Moreover, the plot allows assessing time-wise association of different biomarker effects by patient. Only patient 0004_00016 shows discrete elevation of ALP in parallel with peak ALT and AST, pointing towards a possible cholestatic component of liver injury. There are no apparent elevations of bilirubin parallel or subsequent to ALT elevations in any of the patients, confirming the rather benign nature of liver enzyme changes observed in the study.
Association with Concomitant Medication and Adverse Events
A particularly helpful graph to analyze association of liver test changes with adverse events and concomitant medication is a patient profile, defined as synoptic presentation of line plots for all three items along a shared time axis.
Figure 4 displays for an individual patient the ALT profile over time on top of the plot, concomitant medication and adverse events beneath. The horizontal red line in the top plot represents 3 × ULN for ALT. In the two lower plots, start and end times of concomitant medication intake and adverse events are displayed as blue triangles, the black line between associated triangles indicates ongoing concomitant medication or adverse event, respectively.
As displayed in the plot, the patient had taken an acetaminophen-containing medication, Nyquil™, and an ibuprofen-containing medication, Advil™, before the first ALT peak, and again Advil™, around the time of the second ALT peak. Both drugs might have been causally related to the ALT elevation. Moreover, the patient reported several adverse events of headache during the trial, one particularly preceding the second ALT peak. It is conceivable that the patient might have taken e.g. acetaminophen to treat his headache but forgotten to report this as concomitant medication.

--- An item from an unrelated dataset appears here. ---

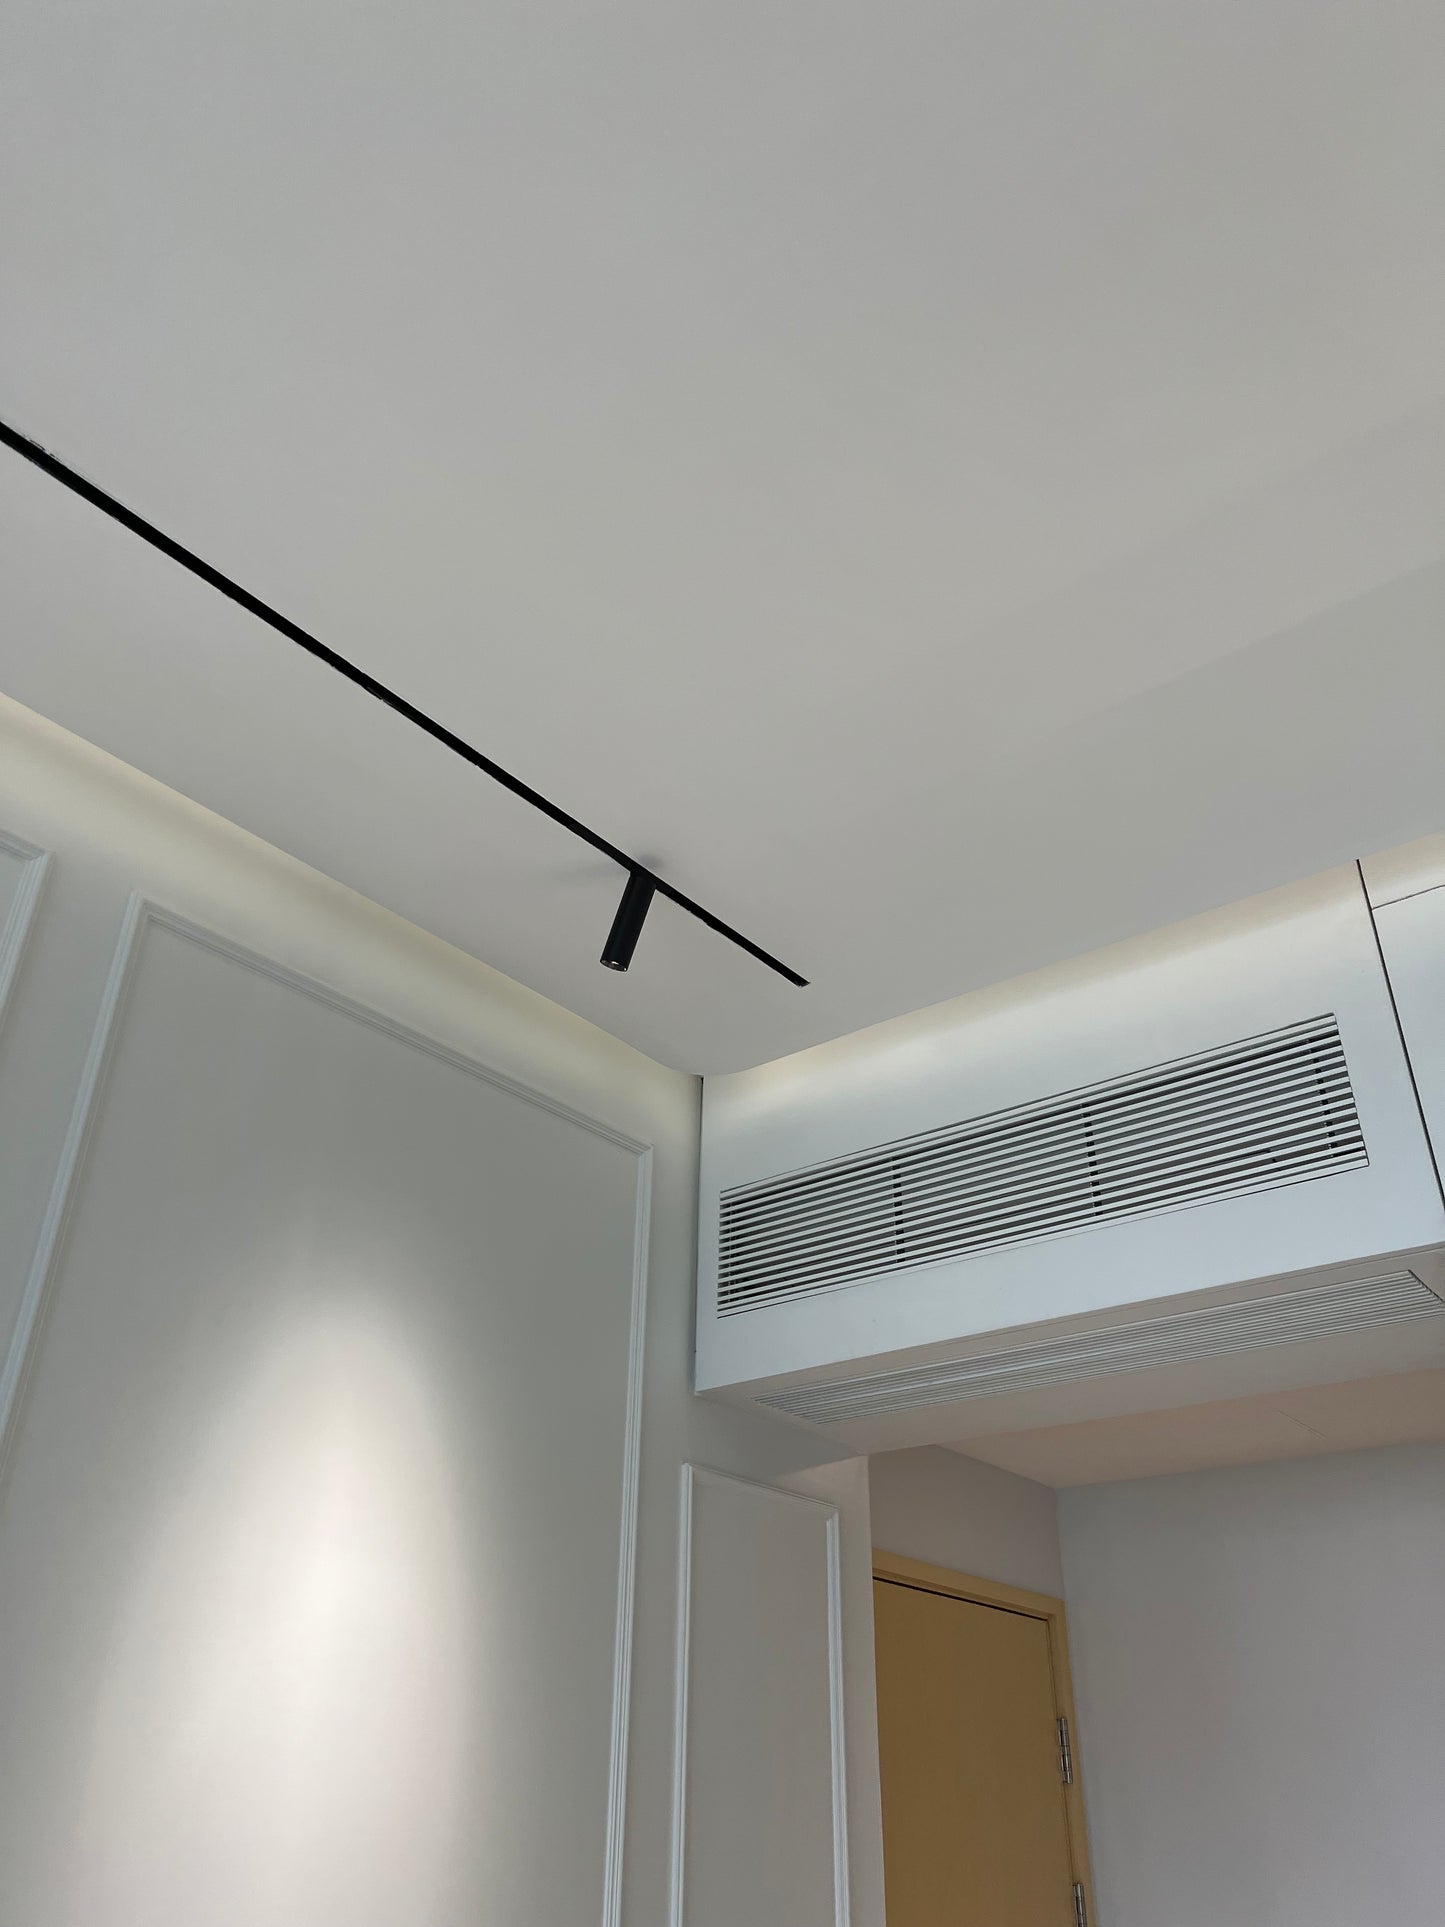 房間的天花板是白色的，配備的是裕利工程品牌的黑色空調。
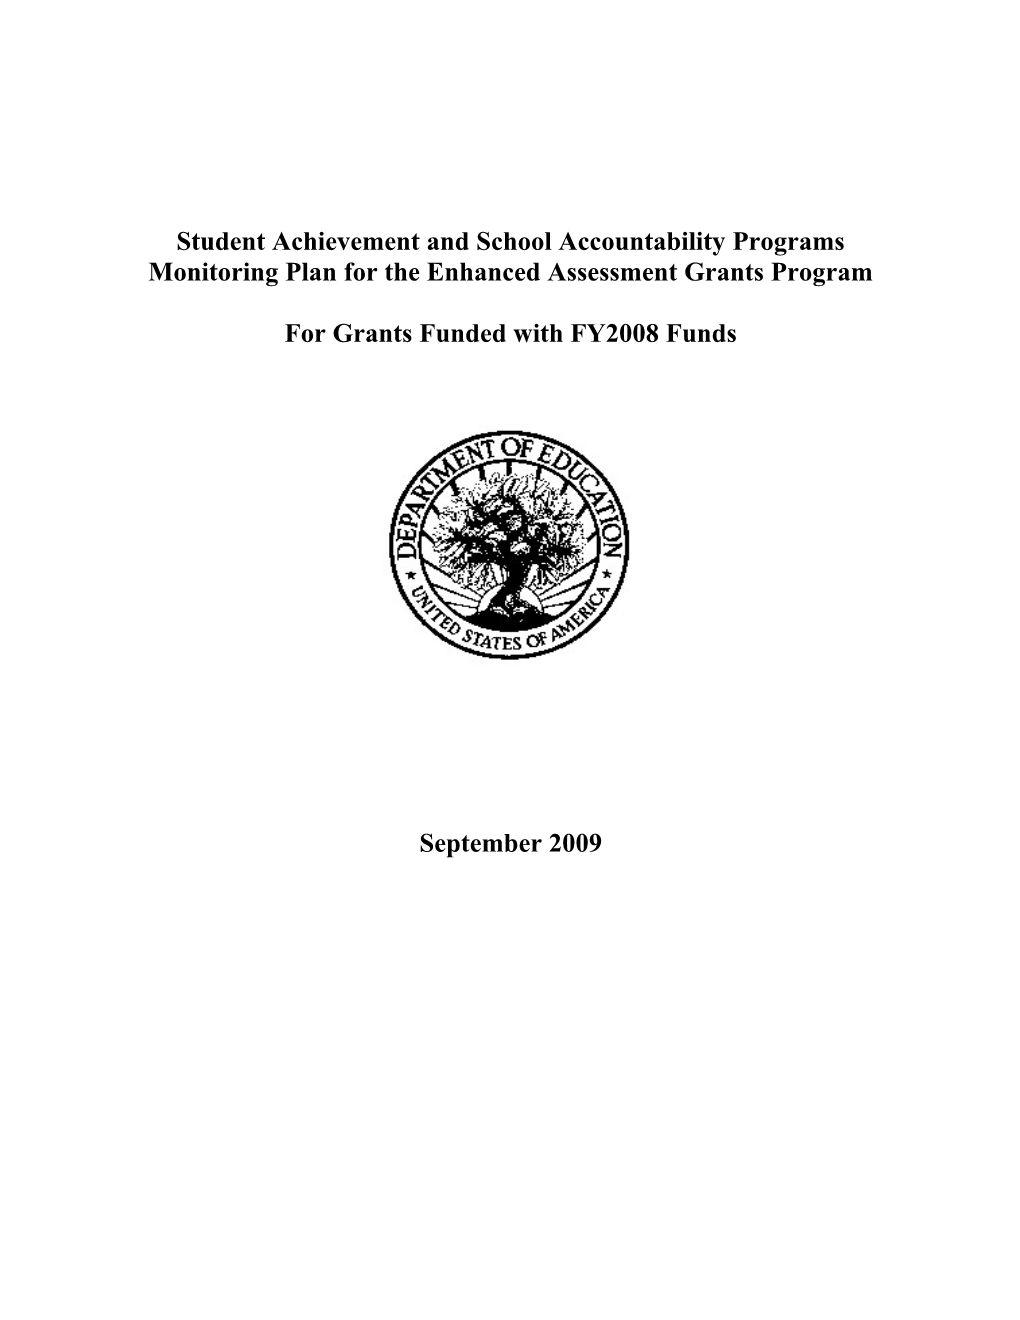 Enhanced Assessment Grant Program FY 2008 (MS WORD)

Observing this kind of temporal association of ALT peaks with headache or other pain events in a graphical display can trigger focused re-questioning the patient to ensure no suspicious comedication has been used around the time of liver enzyme elevation.
Thus, a synoptic display of ALT profiles, concomitant medication and adverse events may sometimes help substantially to identify causes for clinically relevant changes in liver safety biomarkers.
Shifts from Baseline
Liver test results always have to be viewed in the context of their respective baselines to allow adequate assessment of treatment or disease effects. This can be done either by analyzing absolute and relative changes from baseline, or by using scatter plots with baselines on the x-axis and e.g. maximum post-baseline values on the y axis. When plotting only maximum post-baseline values on the y-axis, however, careful consideration needs to be given to the number of post-baseline measurements per patient, particularly when no control groups are available for comparison across treatments: the larger the number of post-baseline observations per patient, the more biased the plot will be towards values increasing from baseline. To avoid that, an alternative is e.g. to plot all post-baseline values per patient, instead of selecting the maximum values only, or displaying shifts as scatter plots by visit.
Figure 5 shows a respective example with four post-baseline observations per patient. This is a Trellis plot with treatment groups across rows and biomarker names across columns. Color coding is by gender. The blue diagonal line in each panel represents the line of identity, i.e. each value on the line corresponds to maximum post-baseline equaling baseline, each point above the line is an increase, points below the line are a decrease from baseline, respectively.
In addition, the plot allows to assess the number of patients exceeding certain threshold values, represented by the green (=ULN) and red (3 × ULN) horizontal and vertical broken lines in each panel.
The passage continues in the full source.